Modular stdlib emission

This is the core idea that separates algo from a template system. The compiler tracks which built-in features you use and only emits the C++ implementations for those features.

Write g.dijkstra(0) and the codegen emits the graph adjacency list struct and the Dijkstra function. Also call g.bfs(0) and it adds BFS. Don’t use graphs at all, and none of that code appears in the output.

The stdlib is organized as named blocks:

DSU_STRUCT: union-find with path compression and union by rank
GRAPH_BASE: adjacency list with BFS
GRAPH_DIJKSTRA: Dijkstra’s algorithm
GRAPH_TOPO: topological sort (Kahn’s algorithm)
GRAPH_SCC: Tarjan’s strongly connected components
GRAPH_BRIDGES: bridge finding
SEGTREE: segment tree with configurable merge operation

Each block declares its dependencies. GRAPH_DIJKSTRA depends on GRAPH_BASE. The codegen resolves the dependency graph and emits blocks in topological order.
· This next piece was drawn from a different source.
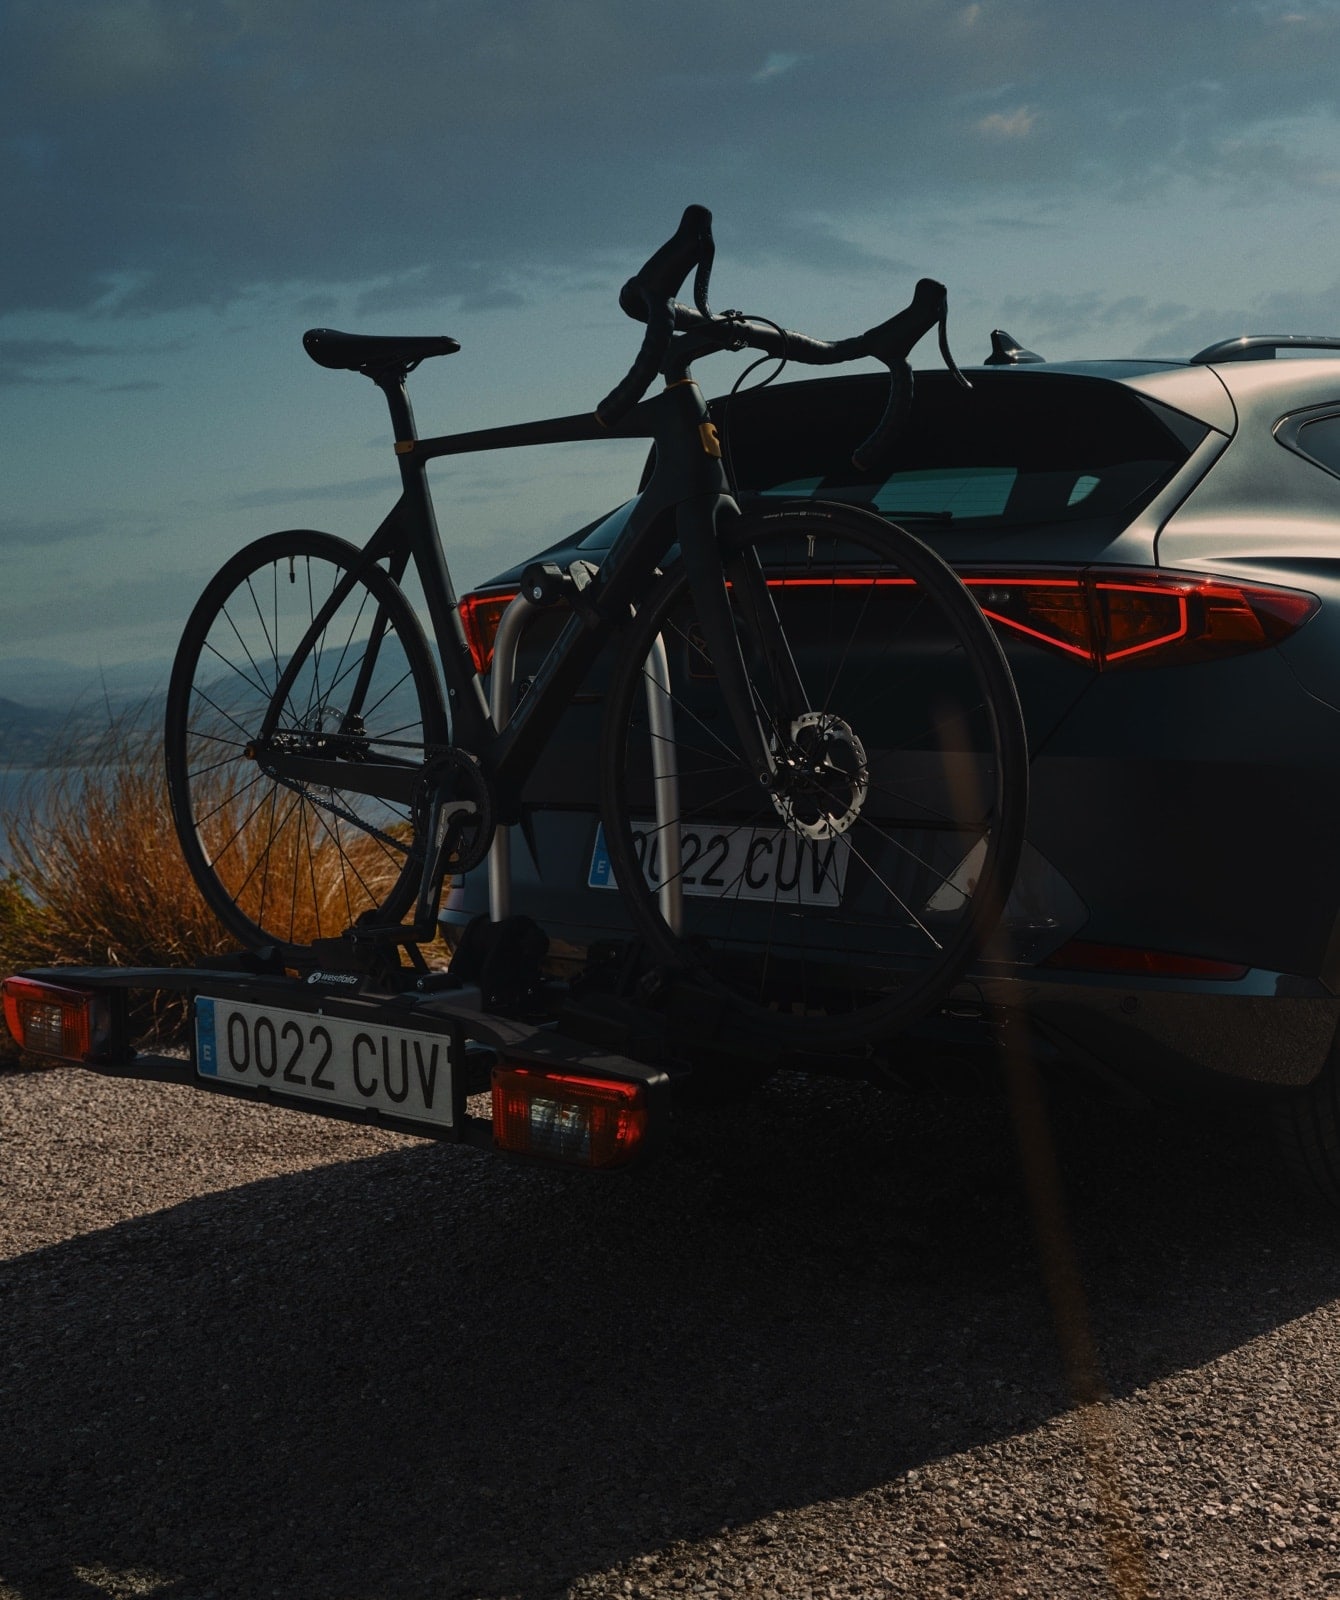 cupra-formentor-with-towing-bike-rack
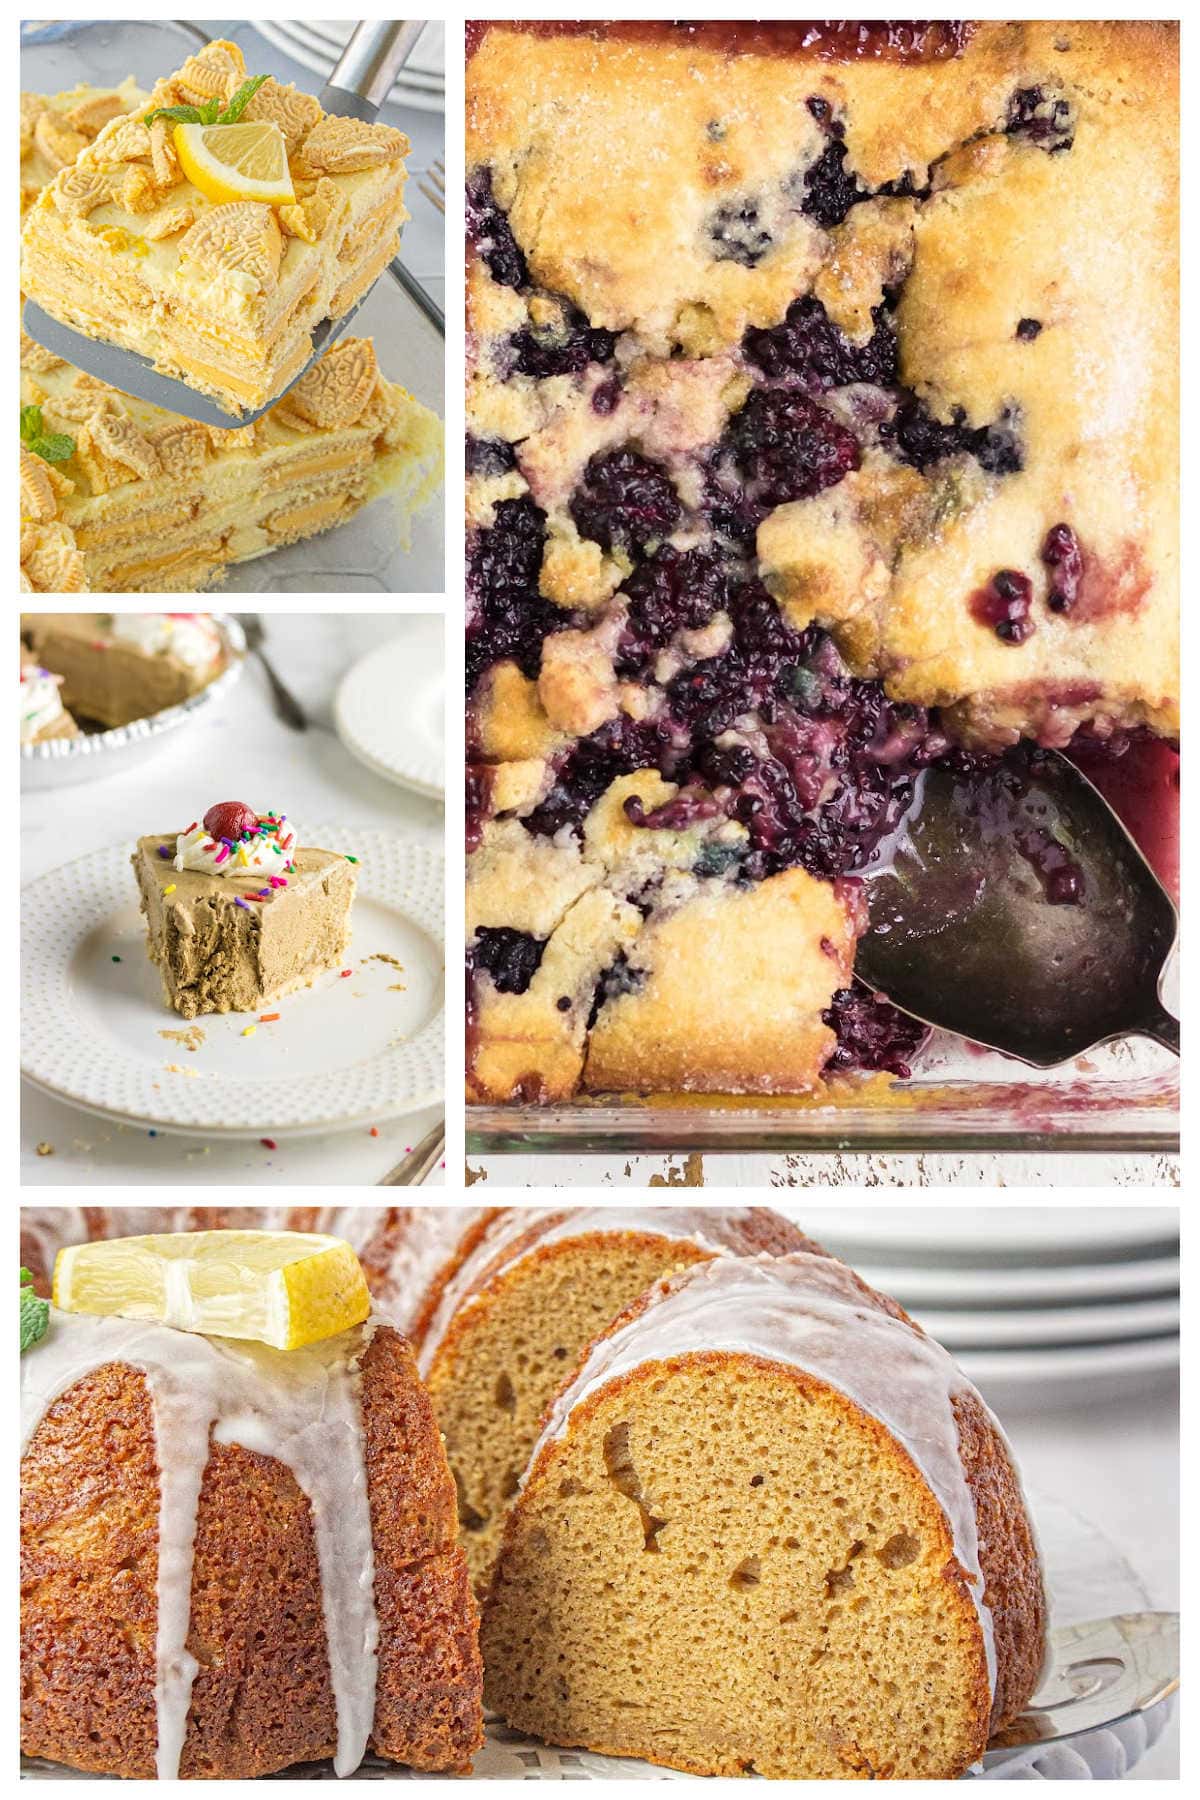 A collage of desserts that would be good with bbq and at backyard cookouts.

So a simple BFS problem produces about 30 lines of output. A problem using Dijkstra, DSU, and segment trees produces about 120. A monolithic template would be 500+ lines regardless of what you actually need.

Testing

The test suite compares compiler output against expected C++ files. Each test case is an .algo source file paired with an expected.cpp file. The test runner (Bun-based) compiles the algo source, diffs against expected output, and optionally compiles the C++ with g++ to verify it’s valid.

This catches correctness bugs (wrong C++ emitted) and output quality regressions (unnecessary temporaries, missing casts, wrong include order).

Was it worth it

I use algo for practice, not for actual contests. Most judges don’t accept custom languages. The value is in the compiler itself. Building a full pipeline from lexer to codegen taught me more about language design than any course. The modular stdlib idea has also influenced how I think about code generation in other contexts.